(About this task) Word for word, copy the entire listing below, but do not carry over any pictures.

(Given information)

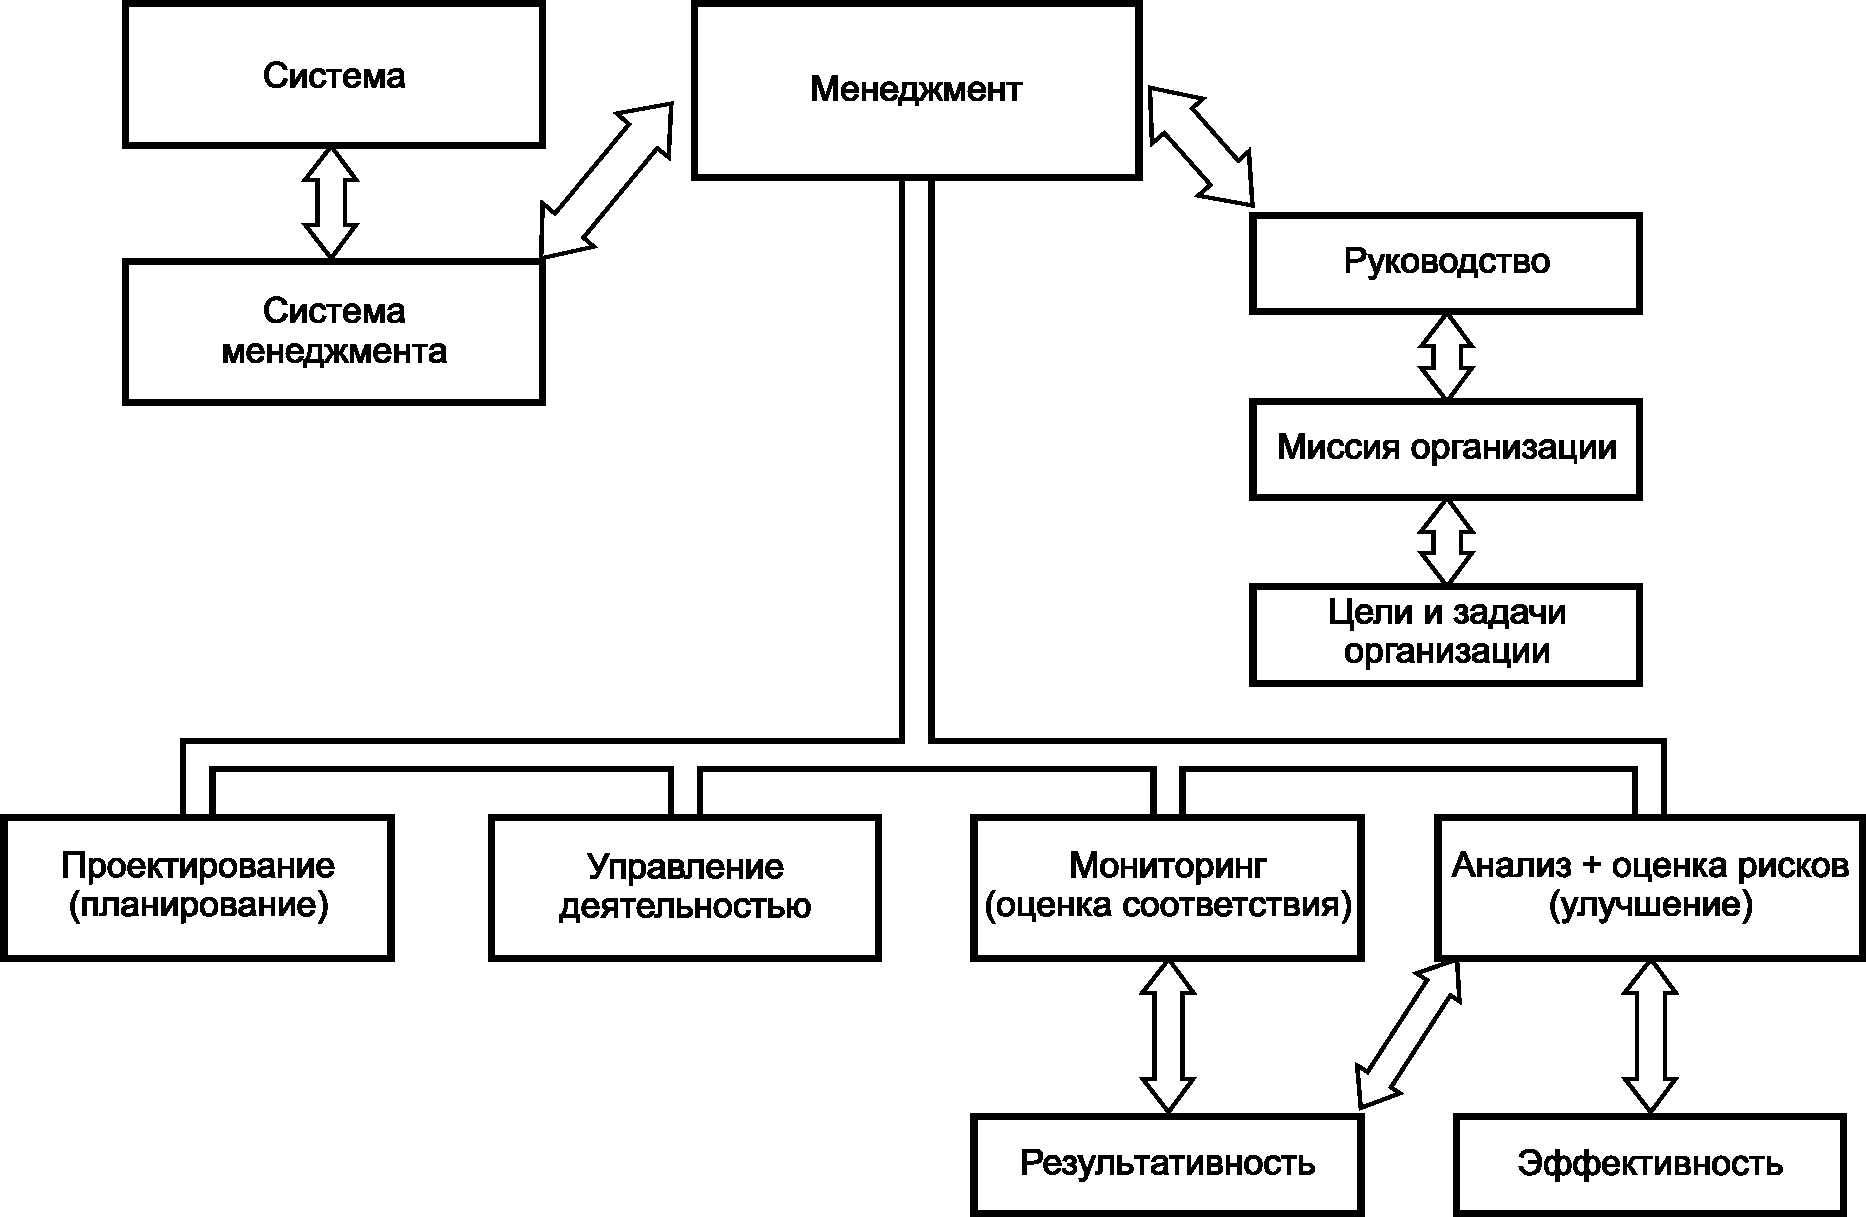 - Рисунок 1 - Схема связи между понятиями, относящимися к менеджменту, построенная по аналогии с ГОСТ Р ИСО 9000
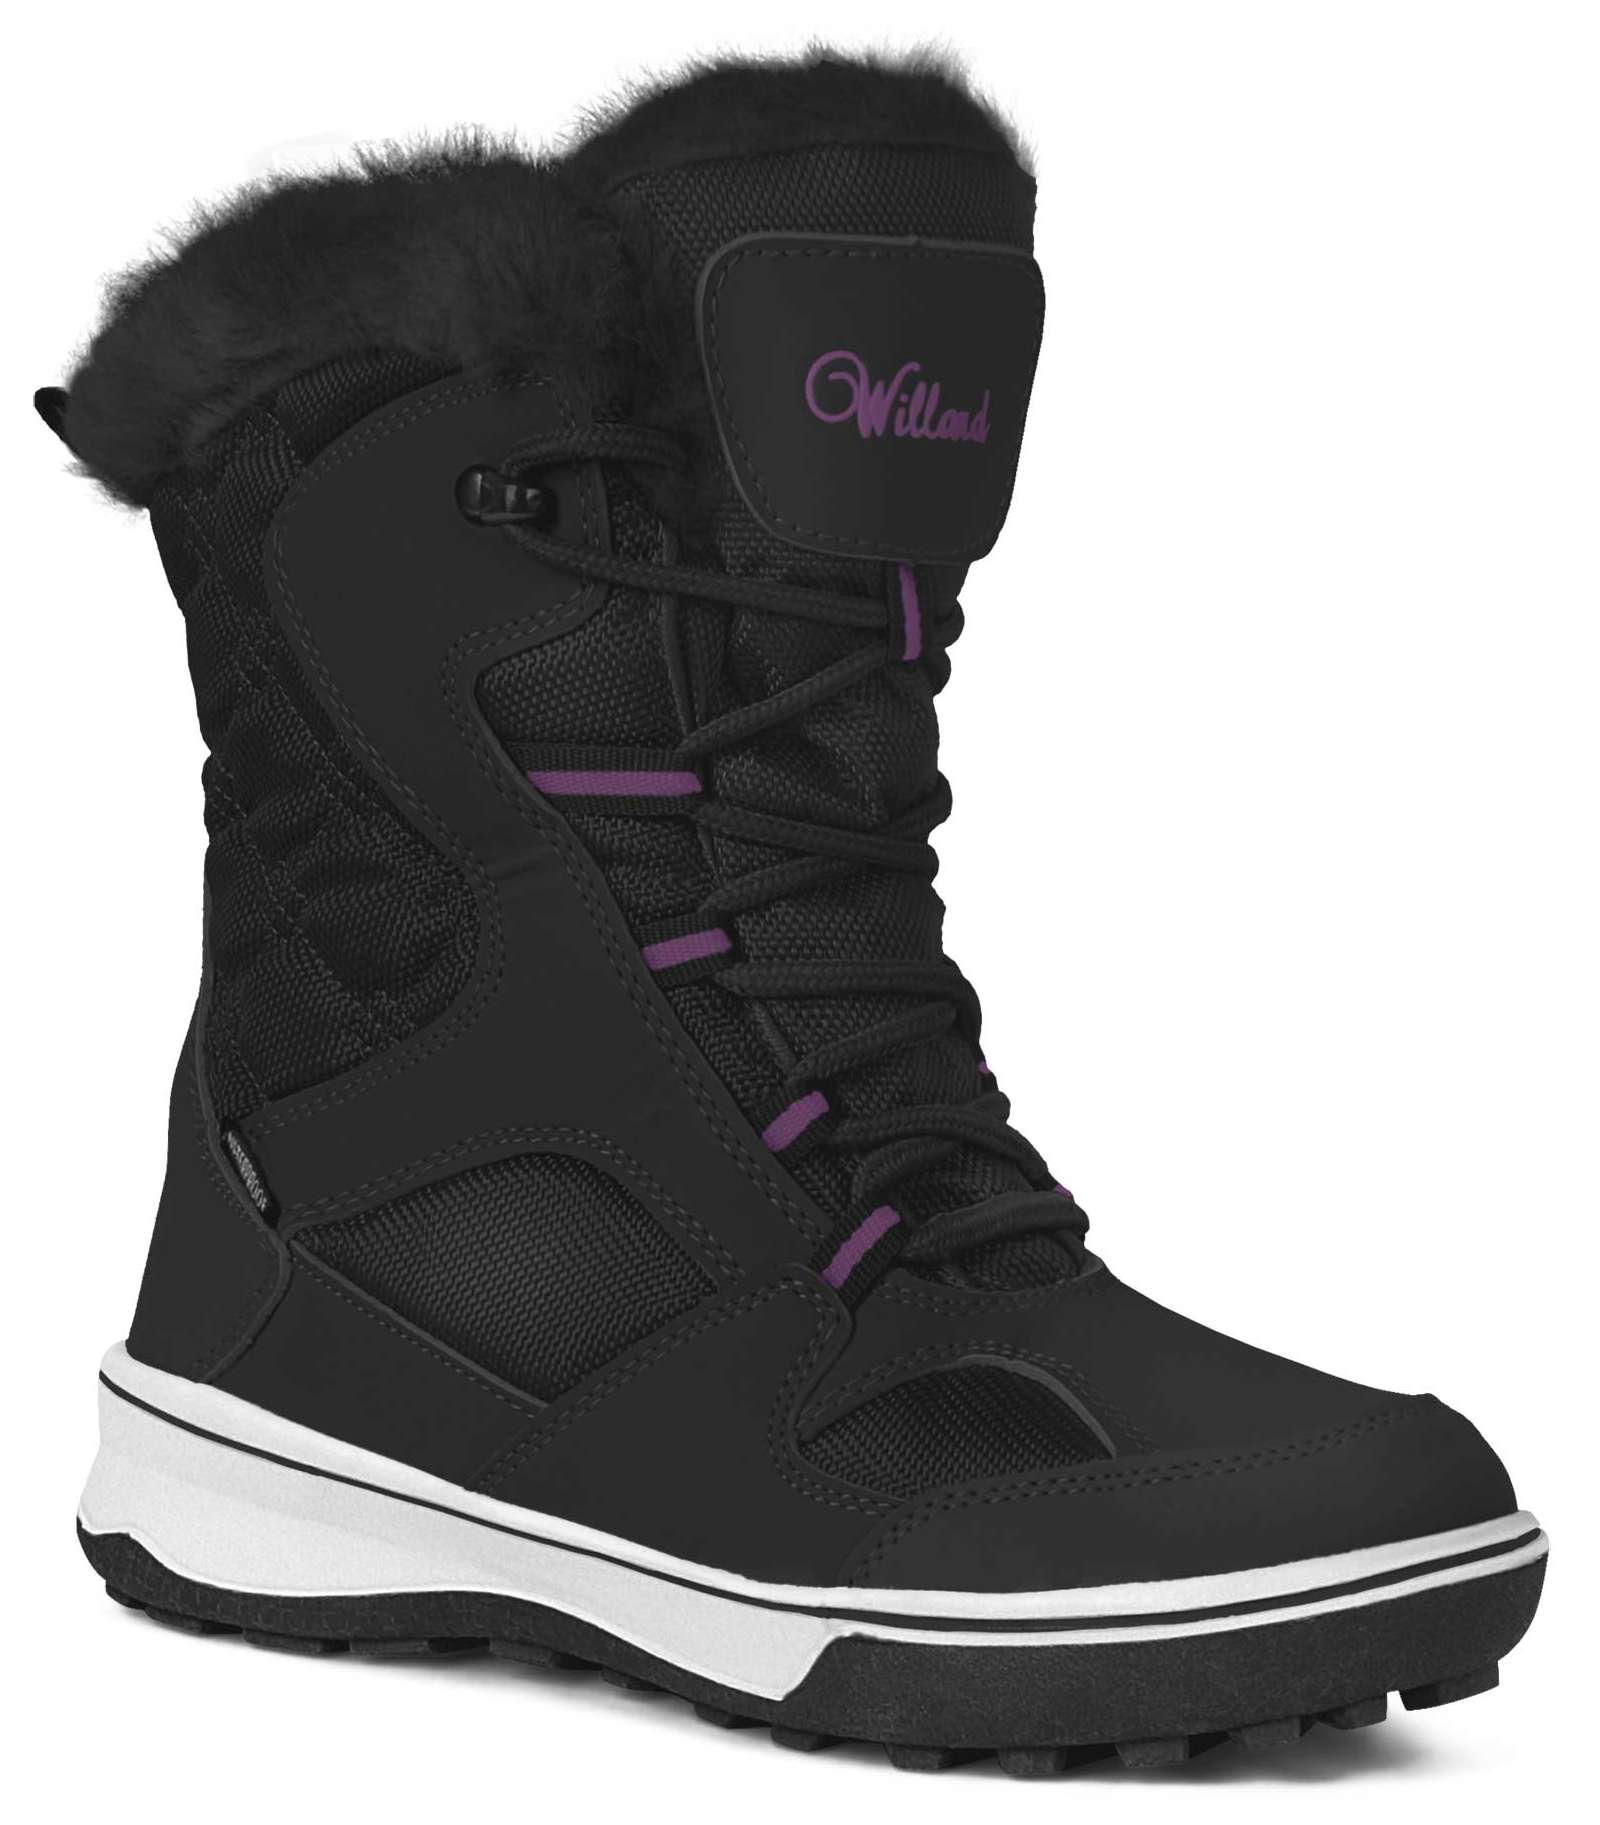 CORONA - Women's Winter Shoes
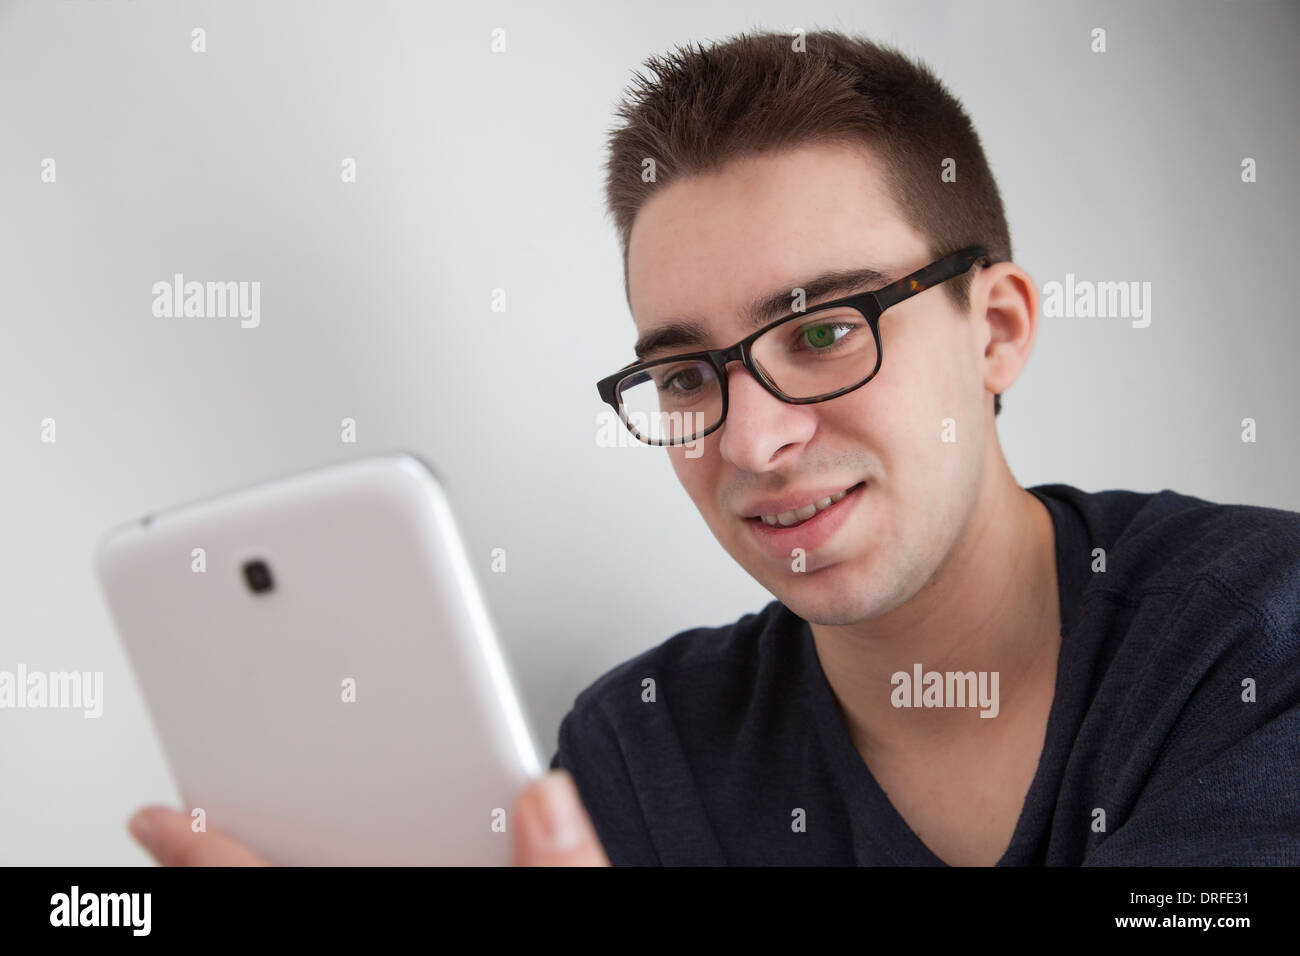 Guten aussehenden jungen Mann mit Brille, halten Sie eine weiße digitale Tablette lächelnd lächelnd. Stockfoto

(Solution for this exercise)
 - Рисунок 1 - Схема связи между понятиями, относящимися к менеджменту, построенная по аналогии с ГОСТ Р ИСО 9000
 CORONA - Women's Winter Shoes
 Guten aussehenden jungen Mann mit Brille, halten Sie eine weiße digitale Tablette lächelnd lächelnd. Stockfoto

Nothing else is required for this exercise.